Она думала, что только аристократки, о которых она читала в романах, падают в обморок, а с простыми женщинами этого не бывает; и удивилась, очнувшись на полу, головой и плечами на коленях у товарки, мокрая от воды, которою ее опрыскивали, бессильная, с болью в подбородке и звоном в ушах длинный, бесконечный звон, будто кто-то не переставая давил на кнопку звонка.
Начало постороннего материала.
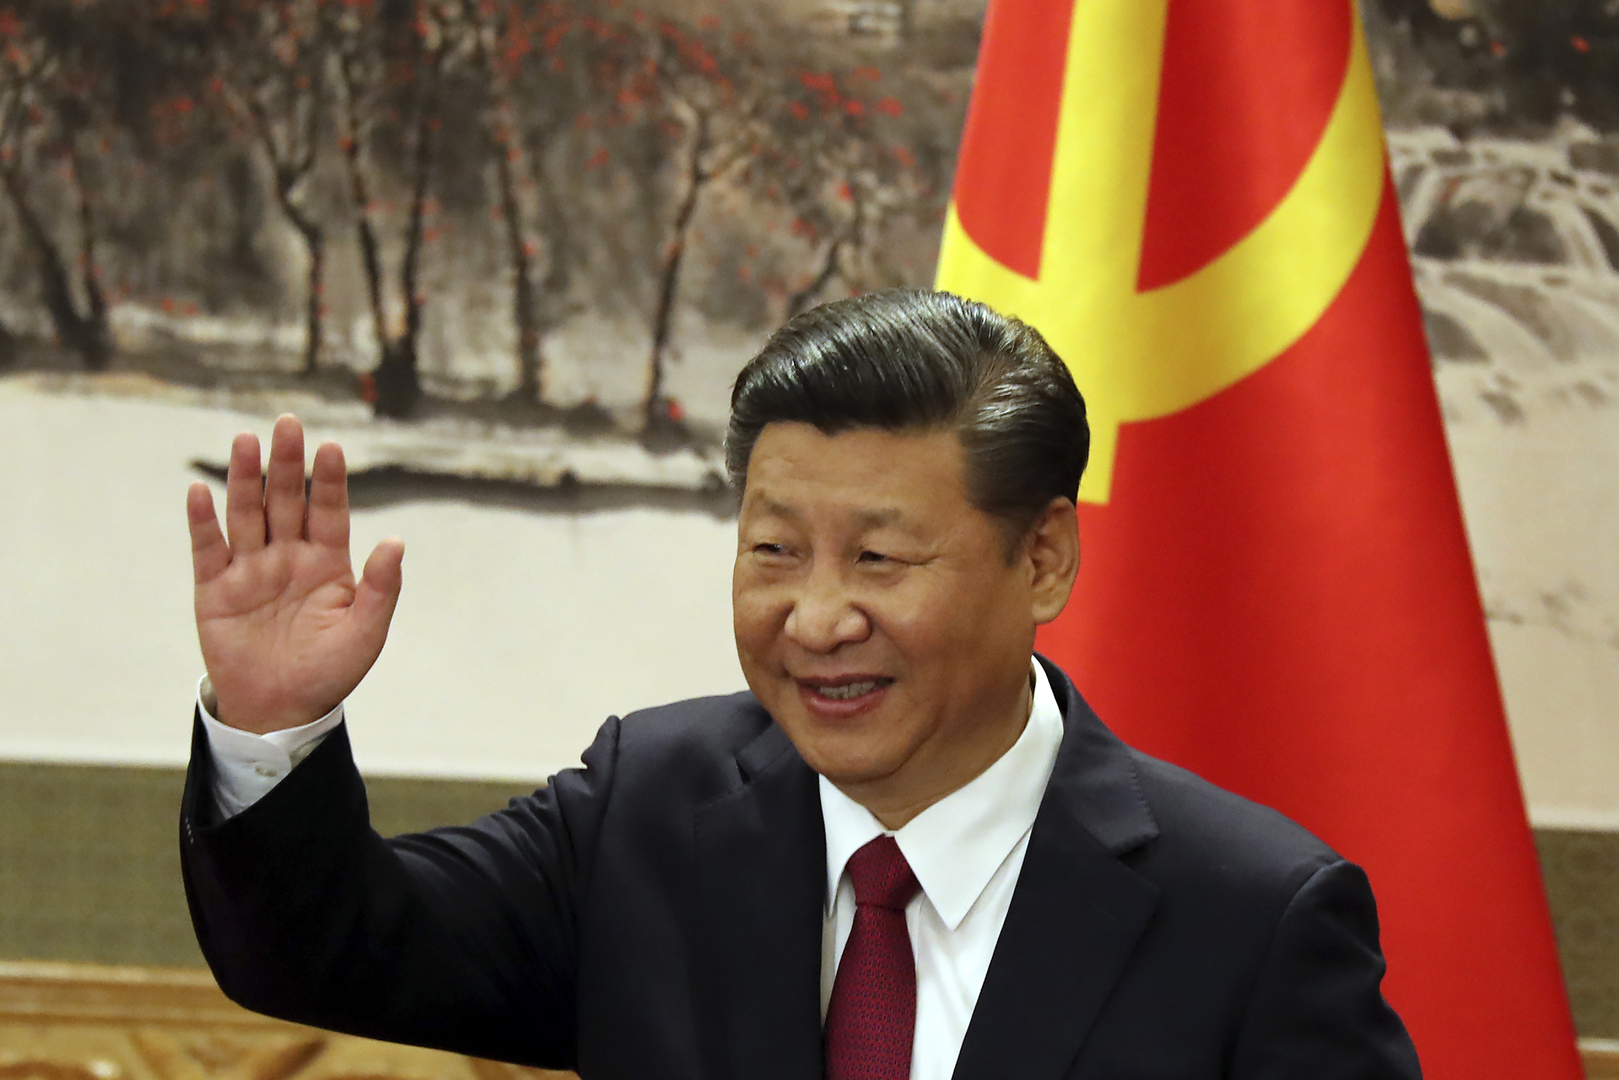 بكين: الرئيس الصيني سيحضر قمة منظمة شنغهاي للتعاون وسيزور كازاخستان وأوزبكستان

Подбородок скоро зажил, остался маленький розовый шрам; это была его отметина, как и коричневое пятно. Он еще не шевелился, его вроде и не было, она еще не загадывала, мальчик или девочка, – но он уже метил ей лицо своими метами, и требовал соленых огурцов, и заставлял ее спать так много, как она никогда не спала.
А теперь он позвал ее, он повернулся с силой, чтобы она хорошенько почувствовала, и громко сказал: «Имей в виду, я тут».
И она сонно смеялась, охватив руками живот и низко склонив голову.
– Я знаю, что мне надо, – продолжал он. – И делаю то, что мне надо. И я самый главный, чтоб ты знала.
Все отодвинулось от них. Ни звяканья маятника не стало слышно, ни Лениного дыхания. В теплыни и темноте был он, и она при нем.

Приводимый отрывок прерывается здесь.